No encuentro el datasheet de los MOS, así que no puedo asegurar nada (aunque lo encontrara, tampoco podría ), pero apuesto a que le "bajan" el nivel de la base para que no se queden solos conduciendo en los picos los bipolares y que conduzcan en paralelo ambos transistores durante la mayor parte posible de la onda. No sé para qué ni por qué lo diseñaron así, pero alguna razón tendrán los muchachos...

En un ClaseG tenés un riel más de alimentación que sólo se habilita cuando la salida requiere más amplitud, acá hay simplemente un retraso que podríamos llamar "daño colateral" que deriva de evitar que el bipolar se quede conduciendo solito allá arriba en la cresta.
Puedo estar equivocado (no sería raro), pero se me hace que es así.

Saludos


----------



## juanma (Dic 25, 2010)

Lo estuve viendo un poco y no salen los datasheets de ninguno de los FETs.
Lo mismo que los transistores Q17/19.

Como dice Cacho, clase G no es porque necesitas mas alimentaciones. Y dudo muchisimo que Accuphase llegue a usar clase G, aumentar la eficiencia de un amplificador no es algo compatible con lo High End (lease High $$$).

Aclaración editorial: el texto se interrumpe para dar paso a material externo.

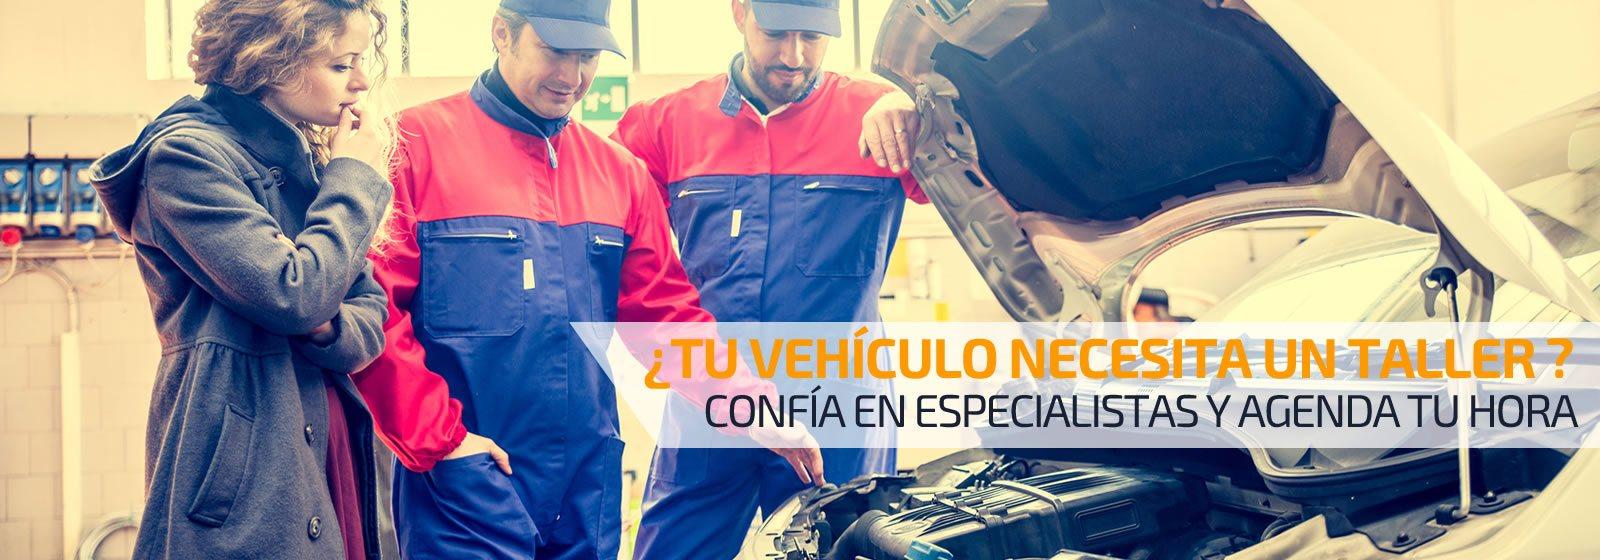 Servital - Servicio Técnico y Taller Autorizado.

A simple vista pareciera protección. Generalemente en FETs o MOSFETs se coloca un zener entre G y S, de manera de que por estatica no se perfore la aislación y se estropee el transistor. Hay una limitación de corriente por Q5/7.

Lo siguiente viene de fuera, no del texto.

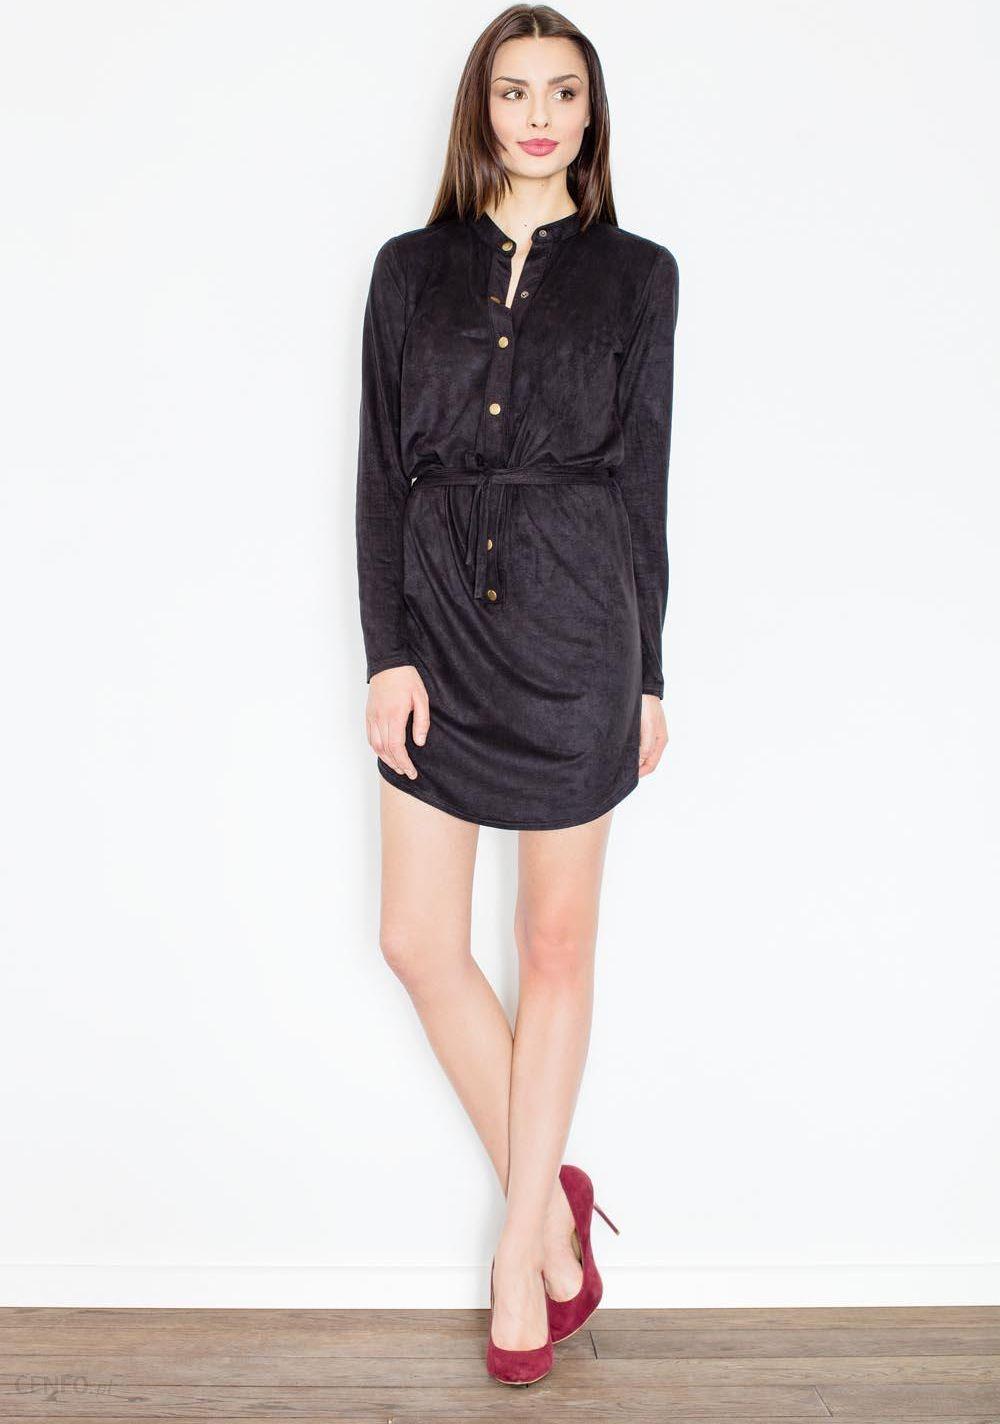 89e07f597a Figl Czarna Sukienka o Koszulowym Kroju Zapinana na Zatrzaski - zdjęcie 1

Ese arreglo no permite mayor excursión de la señal. No recuerdo si el tipo de protección de corriente dado por Q5/7 es factor de distorsión. Capaz que ese arreglo esta justamente para minimizar eso.

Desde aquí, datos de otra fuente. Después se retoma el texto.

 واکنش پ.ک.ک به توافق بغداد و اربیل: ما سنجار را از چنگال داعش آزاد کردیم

O es alguna configuración de marketing (etapa de salida avanzada FET/BJT) que poco tenga que ver con una razon especifica. Al colocar un transistor en paralelo a un FET, uno desaprovecha su característica de alta impedancia, porque coloca algo de menor impedancia de entrada. Ademas colocar un dioco en serie es un elemento mas de distorsión, porque la curva de transferencia es exponencial.

En, es interesante y estaria bueno ver que otras opciones puede haber.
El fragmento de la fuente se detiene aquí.